A branch of artificial intelligence that deals with enabling computers to understand, interpret, and generate human language. NLP techniques allow machines to process and analyze large amounts of text and spoken language, facilitating tasks such as language translation, sentiment analysis, text summarization, and the development of conversational agents like chatbots. [Heinz College, 4]
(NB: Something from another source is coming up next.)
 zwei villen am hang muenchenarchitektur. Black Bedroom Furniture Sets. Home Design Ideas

Related Terms: Tokenization, Part-of-Speech Tagging, Named Entity Recognition, Tokenizer, Token

Neural Network

A computational model inspired by the structure and function of the human brain, consisting of interconnected nodes (neurons) organized in layers. These networks learn to process information by adjusting the strengths (weights) of the connections between neurons based on the input data they receive. Neural networks are a fundamental building block of many machine learning and deep learning algorithms, particularly effective for tasks involving pattern recognition and complex data analysis. [Heinz College, 4]
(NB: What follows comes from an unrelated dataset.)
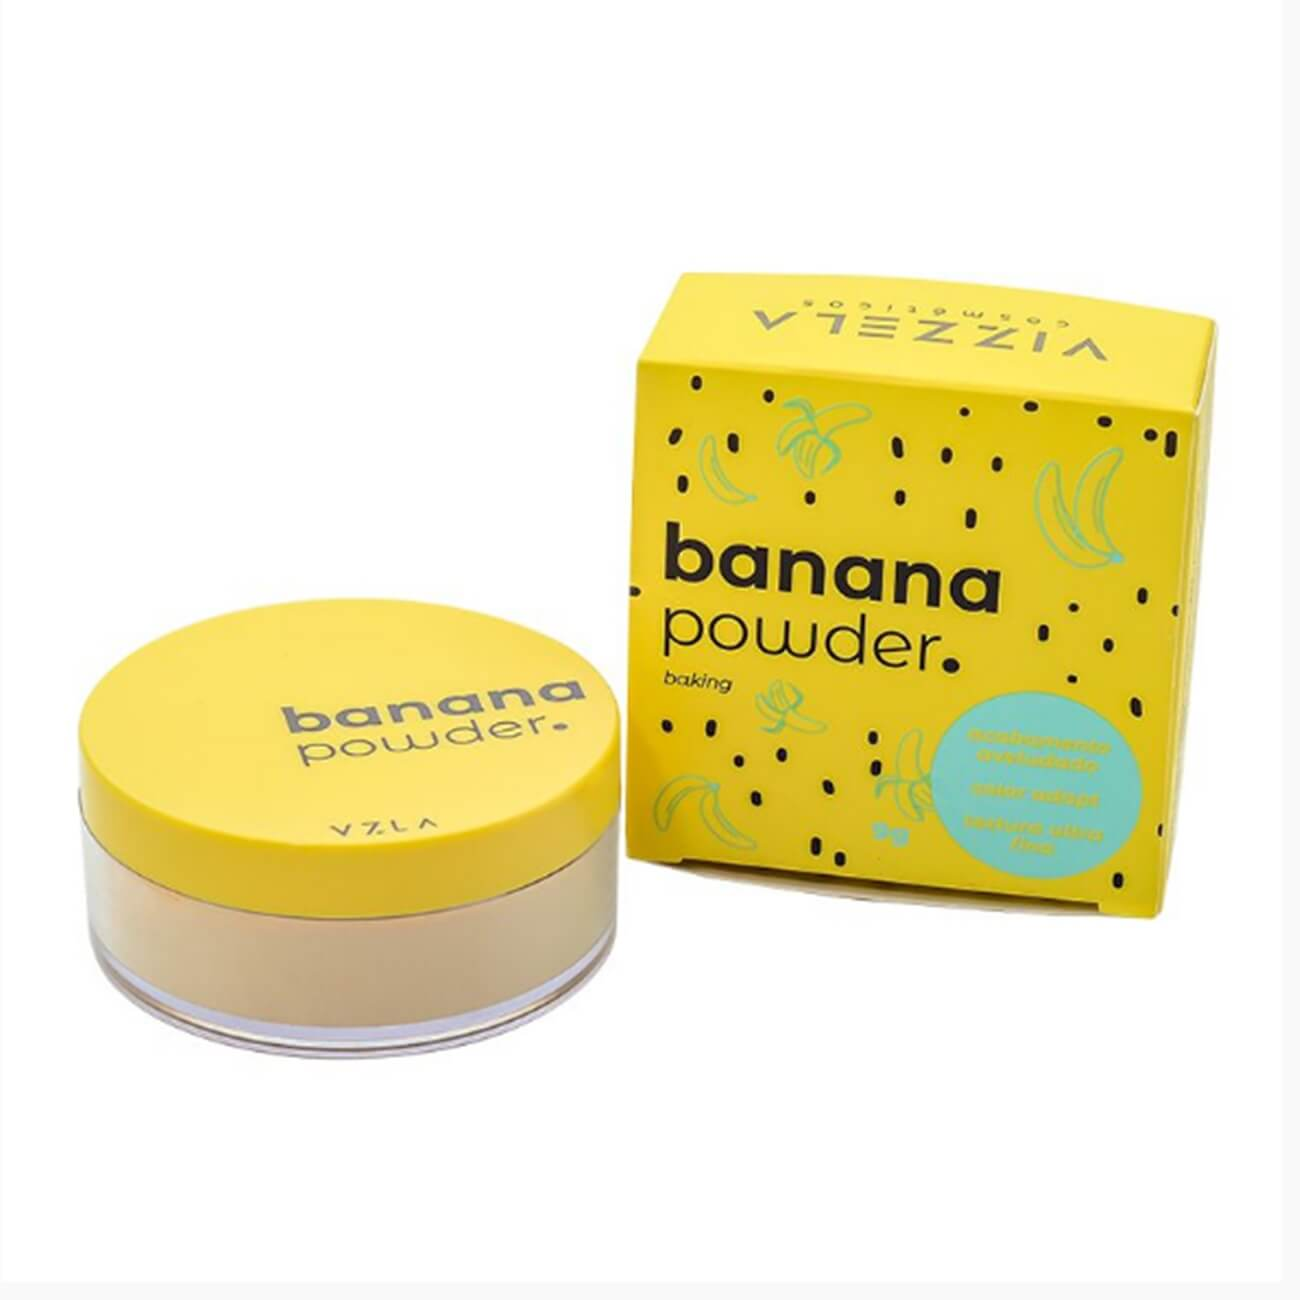 Banana Powder 9g - Vizzela Cosméticos

Related Terms: Neuron, Layer, Activation Function, Deep Learning, Backpropagation, Weight

Open-Source AI Models

AI models whose source code is publicly available, allowing for community contributions, modifications, and use.

Related Terms: Gemma 3

Overfitting

A problem that occurs when an AI model learns the training data too well, including its noise and irrelevant details. An overfit model performs poorly on new, unseen data.

Related Terms: Underfitting, Regularization

Pairwise Model Evaluation

A method of comparing two AI models directly against each other to assess their relative performance on a specific task. Useful for comparing LLMs.
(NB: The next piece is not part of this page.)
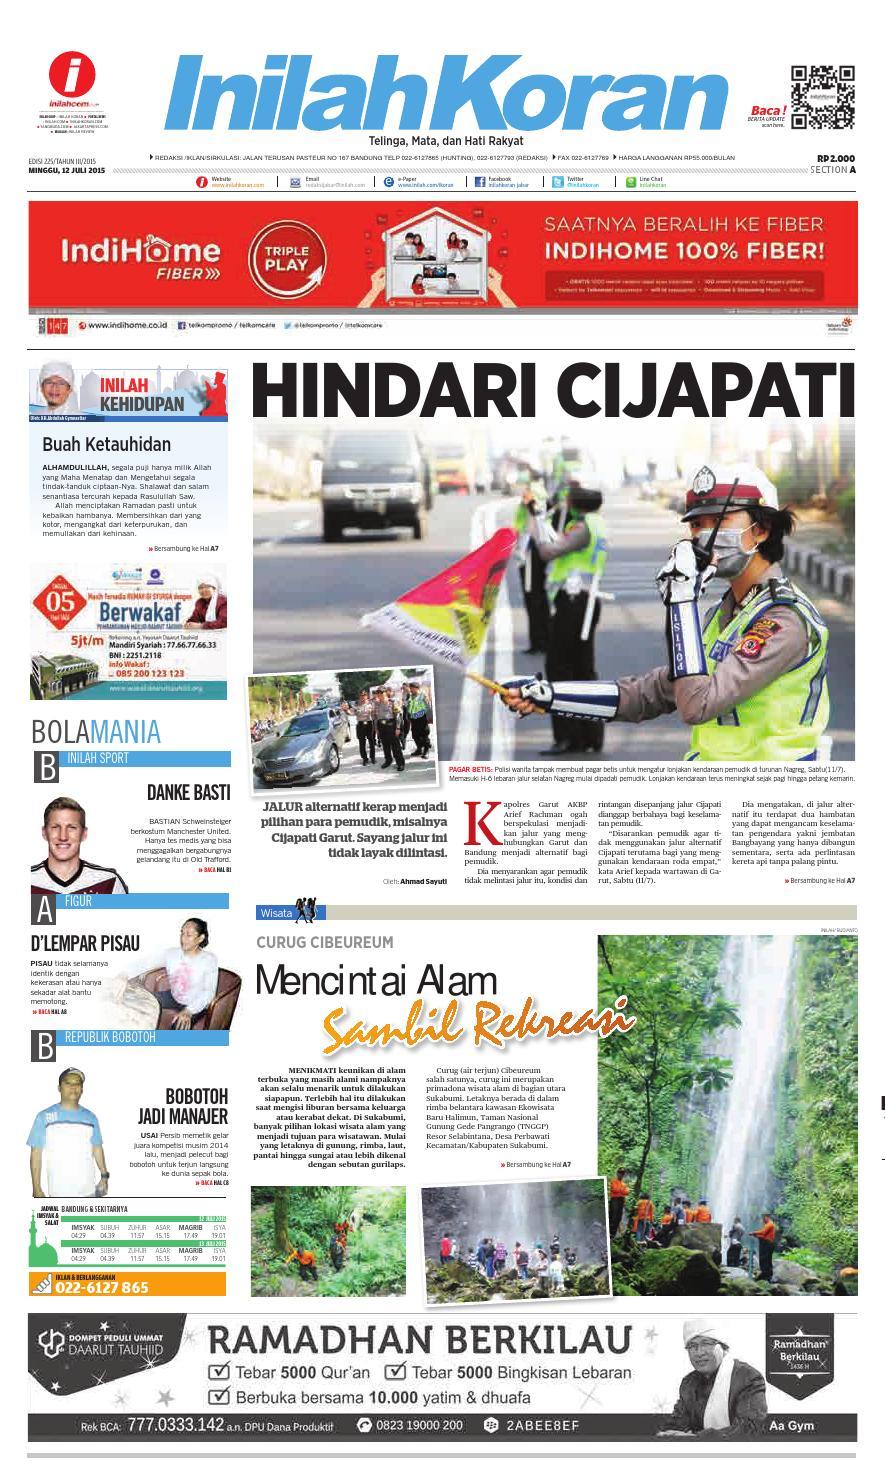 Hindari Cijapati By Inilah Koran Issuu Produk Ukm Bumn Bahan Songket Sulam Katun Merah

Related Terms: LLM Comparator, Vertex AI Evaluation Service

Parameter

A variable within an AI model that is learned during the training process. The parameters define the model’s behavior.

Related Term: Weight

Pre-trained Model

An AI model that has been trained on a large, general dataset and can be used as a starting point for fine-tuning on a more specific task.

Related Terms: Fine-tuning, Transfer learning

Prompt

The input text or instructions given to an AI model, particularly a large language model, to elicit a specific response or output.

Related Terms: Prompt Engineering, Large Language Model (LLM)

Prompt Engineering

The art and science of crafting effective prompts to get the desired results from AI models, especially large language models. It involves carefully choosing words, phrasing, and context.

Related Terms: Prompt, Large Language Model (LLM)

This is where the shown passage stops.